趙 雪1,2,3孔維軍1麻馨月1常桂英1董長穎1楊世海2

(1 吉林農(nóng)業(yè)科技學(xué)院,吉林,132101; 2 中國醫(yī)學(xué)科學(xué)院藥用植物研究所,北京,100193; 3 吉林農(nóng)業(yè)大學(xué),長春,130118)

目的:初步建立黃花敗醬發(fā)狀根培養(yǎng)體系,并考察其抑菌效果。方法:采用發(fā)根農(nóng)桿菌1601、15834、A4、1000等4種G-土壤桿菌誘導(dǎo)黃花敗醬外植體產(chǎn)生發(fā)狀根,考察不同外植體、菌株、侵染時間、預(yù)培養(yǎng)和共培養(yǎng)時間對黃花敗醬毛狀根誘導(dǎo)率的影響,并對發(fā)狀根進(jìn)行PCR檢測;同時采用紙片擴(kuò)散法測定其抑菌效果。結(jié)果:黃花敗醬莖段作為外植體,預(yù)培養(yǎng)和共培養(yǎng)48 h,發(fā)根農(nóng)桿菌A4侵染8 min,MS液體培養(yǎng)基pH為6時添加蔗糖濃度為40 g/L時轉(zhuǎn)化率和增殖量最高,提取毛狀根中總黃酮的含量為9.12%。應(yīng)用PCR證實(shí)A4質(zhì)粒上的rolB基因片段成功轉(zhuǎn)入被感染的黃花敗醬發(fā)狀根中。結(jié)論:建立了黃花敗醬毛狀根培養(yǎng)體系,其發(fā)狀根提取液對金黃色葡萄球菌具有較好的抑制作用。

黃花敗醬;發(fā)根農(nóng)桿菌;發(fā)狀根;抑菌作用

黃花敗醬(PatriniascabioscaefoliaFisch)別名黃花龍芽、野共花、鶴立雞群,為敗醬科(Valerianaceae)敗醬屬(Patrinia)植物,根或全草入藥,是我國傳統(tǒng)常用中藥之一,主產(chǎn)于黑龍江、河北、湖南等省[1-2]。黃花敗醬草的全面研究始于20世紀(jì)60、70年代,其草內(nèi)含有皂苷類、黃酮類、揮發(fā)油類等多種藥用成分,其中以三萜皂苷和黃酮類為主要活性成分[3],具有清熱解毒、利濕排膿,祛瘀止痛的功效[4]。臨床研究表明在治療流行性鼻腔炎、腮腺炎、慢性盆腔炎及闌尾膿腫癥狀等方面有很好的療效[5]。除此之外,該草藥還有解毒排膿、治療子宮炎及產(chǎn)后脫宮蓄膿的功效。黃花敗醬種子中的Sulfapatrinosides有效成分可用于控制艾滋病(HIV),黃花敗醬提取液在延長戊巴比妥鈉對小鼠的睡眠時間上也有很明顯的作用[6]。隨著研究的不斷深入,黃花敗醬草的藥用價值逐漸提高,臨床應(yīng)用和市場需求逐漸加大。

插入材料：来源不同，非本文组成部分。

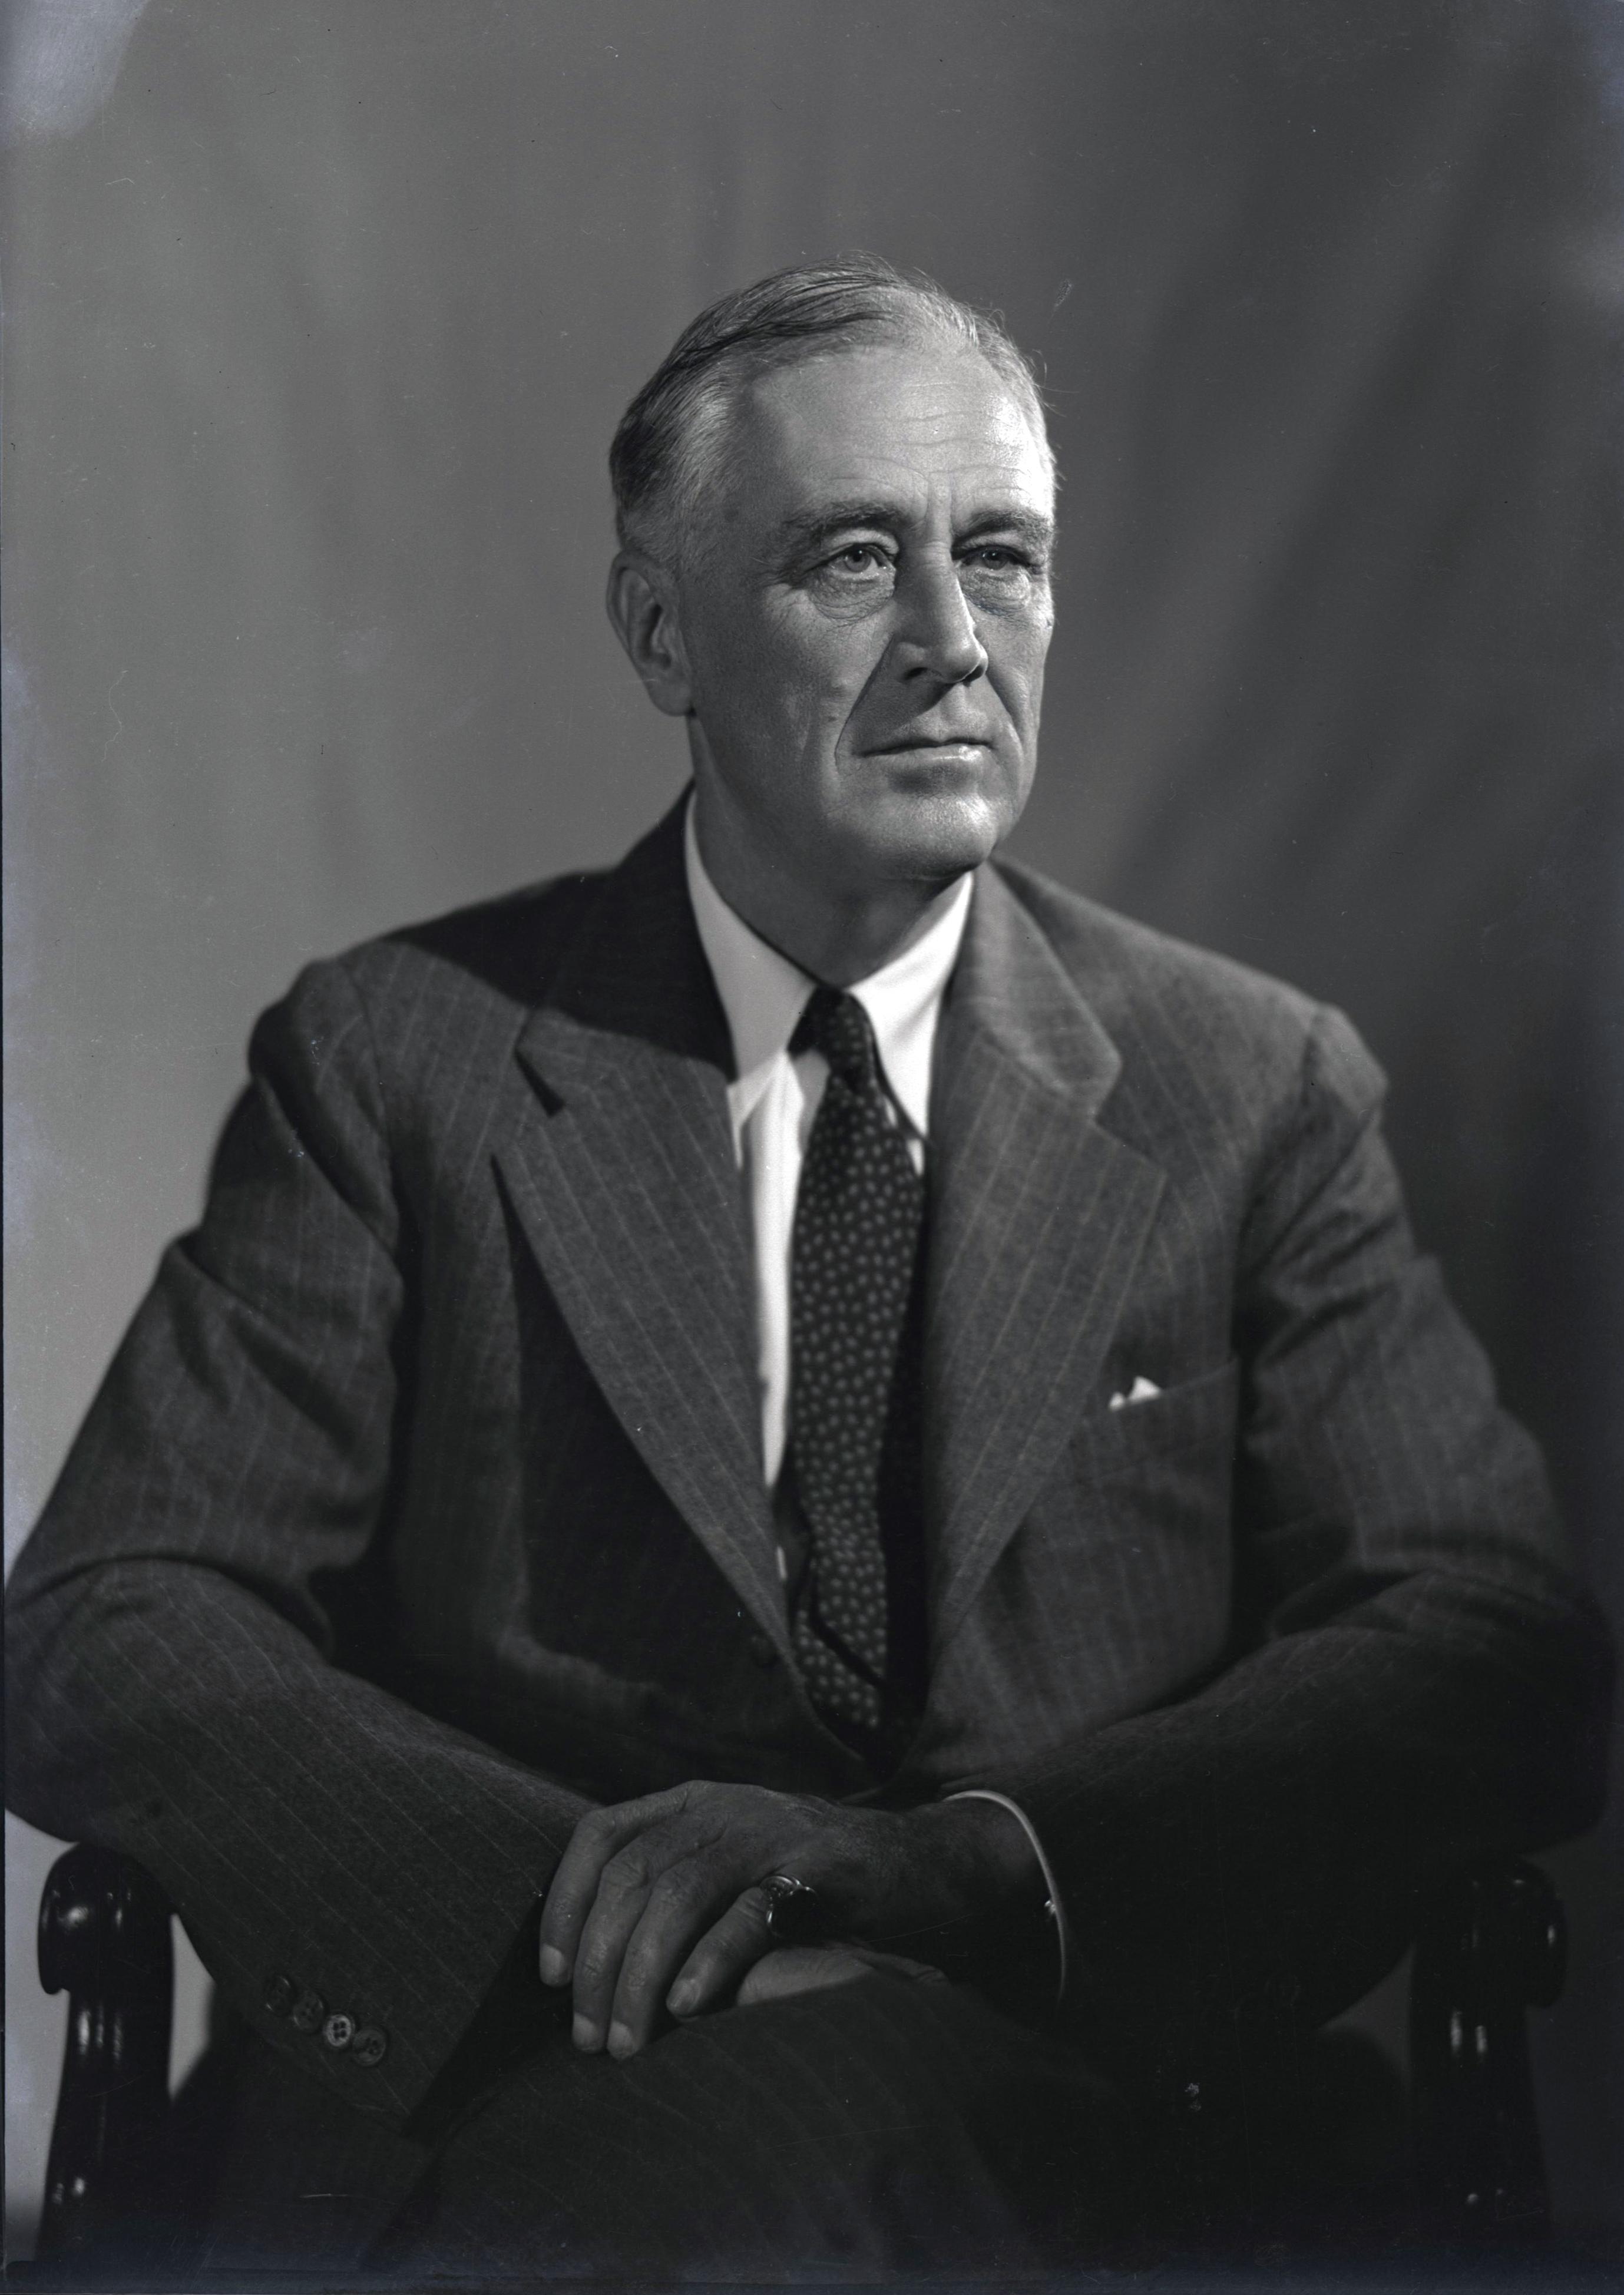 File:1944 portrait of FDR (1).jpg
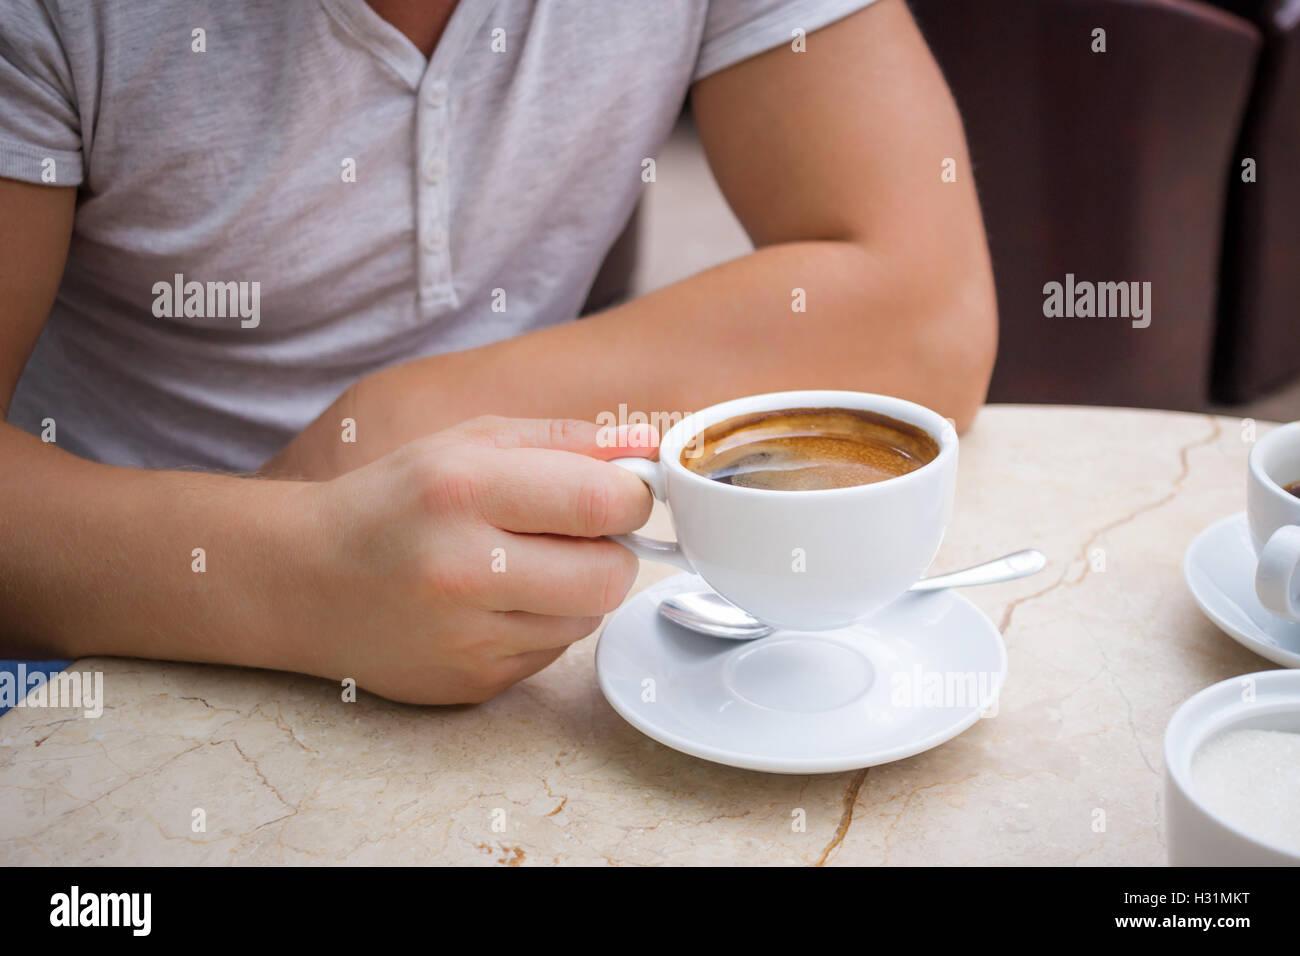 Uomo al tavolo di marmo contiene una tazza di caffè americano nella sua mano Immagini Stock

利用發(fā)根農(nóng)桿菌(Agrobacteriumrhizogenes)侵染植物誘導(dǎo)毛狀根培養(yǎng)技術(shù)是繼離體培養(yǎng)技術(shù)之后的新型懸浮培養(yǎng)技術(shù),可用于建立產(chǎn)生次生代謝產(chǎn)物的培養(yǎng)系統(tǒng),具有遺傳穩(wěn)定性、生長迅速、合成次生代謝物能力強(qiáng)、易于操作控制等優(yōu)點(diǎn),較傳統(tǒng)的細(xì)胞培養(yǎng)技術(shù)具有更廣闊的應(yīng)用前景[7-9]。本研究利用4種發(fā)根農(nóng)桿菌1601、15834、A4、1000誘導(dǎo)黃花敗醬組織產(chǎn)生毛狀根,初步建立黃花敗醬草發(fā)狀根離體擴(kuò)增生長的培養(yǎng)體系,為下一步擴(kuò)大培養(yǎng)黃花敗醬發(fā)狀根的研究提供可行性數(shù)據(jù)支撐,同時也為黃花敗醬發(fā)狀根培養(yǎng)體系的抑菌作用研究提供新途徑。

1 材料與方法

1.1 無菌苗培養(yǎng) 黃花敗醬(PatriniascabioscaefoliaFisch)種子由吉林農(nóng)業(yè)大學(xué)藥植園提供，經(jīng)吉林農(nóng)業(yè)大學(xué)中藥材學(xué)院楊世海教授鑒定。利用當(dāng)年成熟干燥的黃花敗醬種子,加溫水浸泡12 h,在超凈操作臺內(nèi)用無菌水清洗4次,75%乙醇浸泡30～40 s,無菌水清洗3次;后用4%次氯酸浸泡8～9 min,無菌水清洗5～6次。處理完后用滅菌濾紙將種子表面的水分吸干,用鑷子輕輕放置在MS固體培養(yǎng)基(100 mL錐形瓶)中,置于光照強(qiáng)度2 000 lx(光照12 h/d黑暗12 h/d交替培養(yǎng))、設(shè)置溫度24～25 ℃進(jìn)行培養(yǎng),等待萌發(fā)無菌幼苗即為侵染用的外植體。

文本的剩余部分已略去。